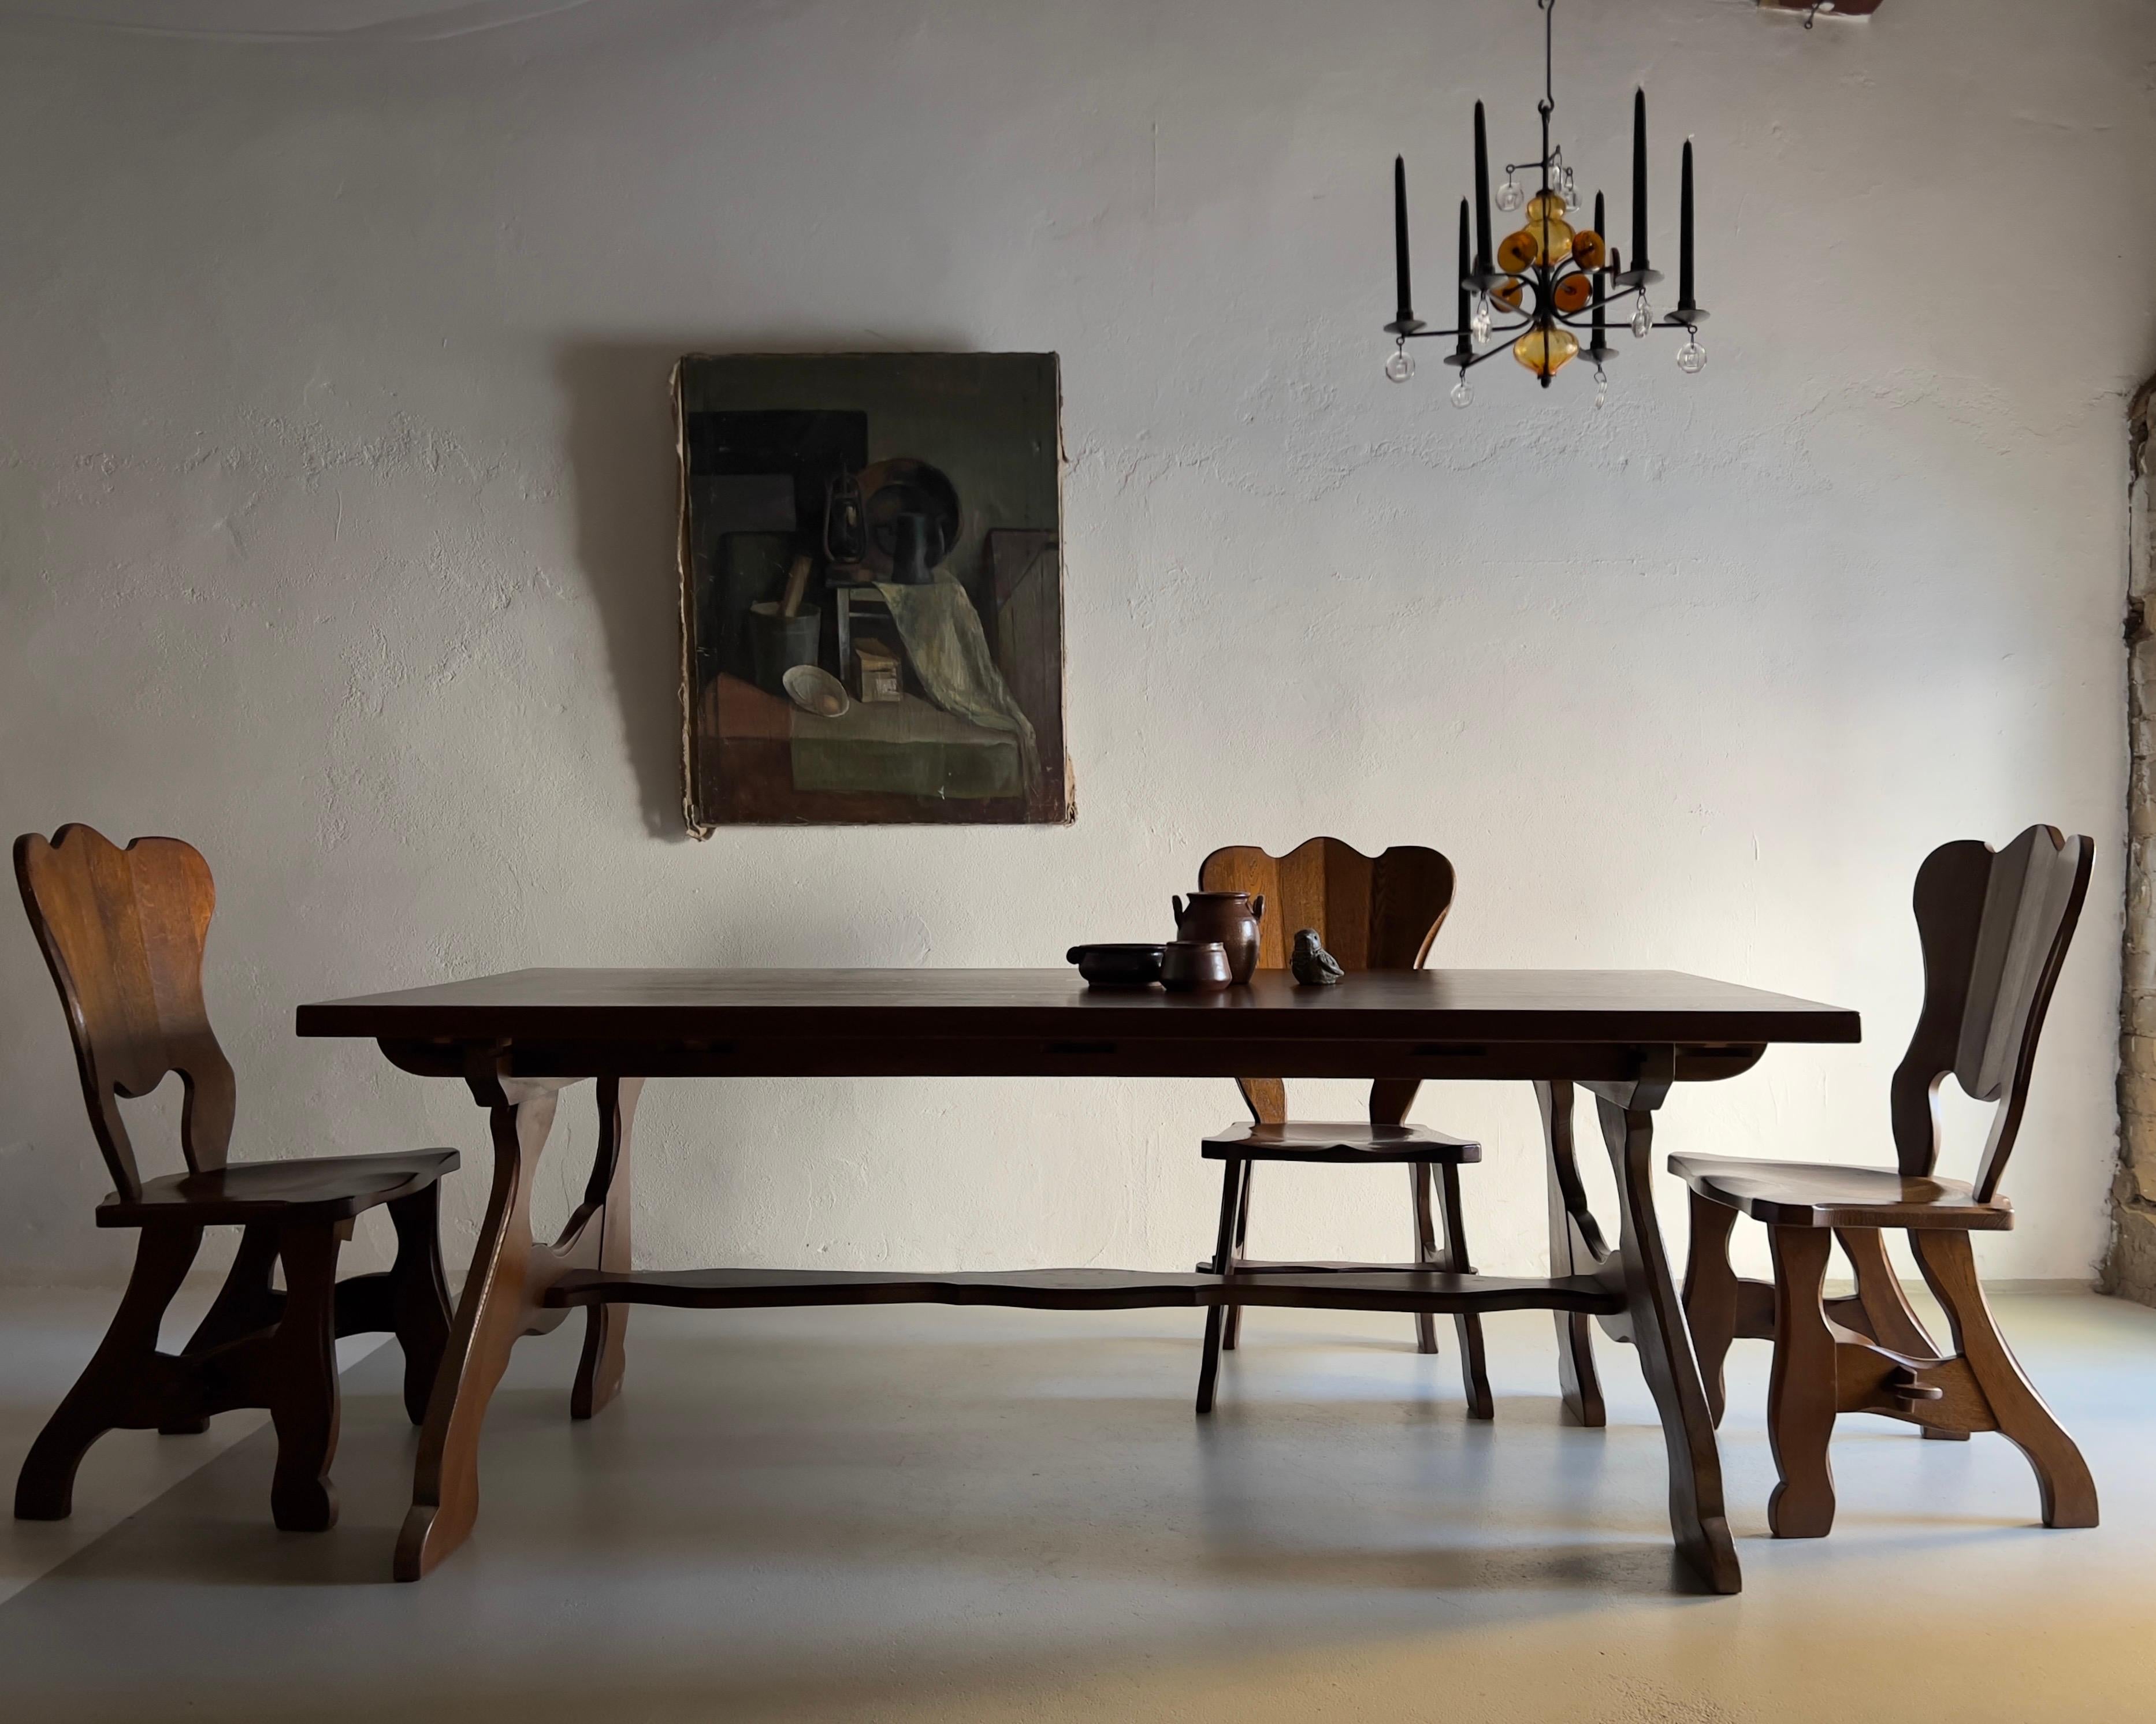 Table de salle à manger en chêne massif foncé avec un ensemble de six chaises assorties.

Dimensions :
Table (peut être entièrement démontée) : H (table/plateau) 74/4 cm, L 200 cm, P 84 cm
Chaises : H 98 cm, H(assise) 45 cm, L 49 cm, P 49 cm

..............................

_PROBLEM TO SOLVE_: Repeat the listing above word for word. Do not include the pictures.

_COMPLETED TASK_:
 Table de salle à manger en chêne massif foncé avec un ensemble de six chaises assorties.

Dimensions :
Table (peut être entièrement démontée) : H (table/plateau) 74/4 cm, L 200 cm, P 84 cm
Chaises : H 98 cm, H(assise) 45 cm, L 49 cm, P 49 cm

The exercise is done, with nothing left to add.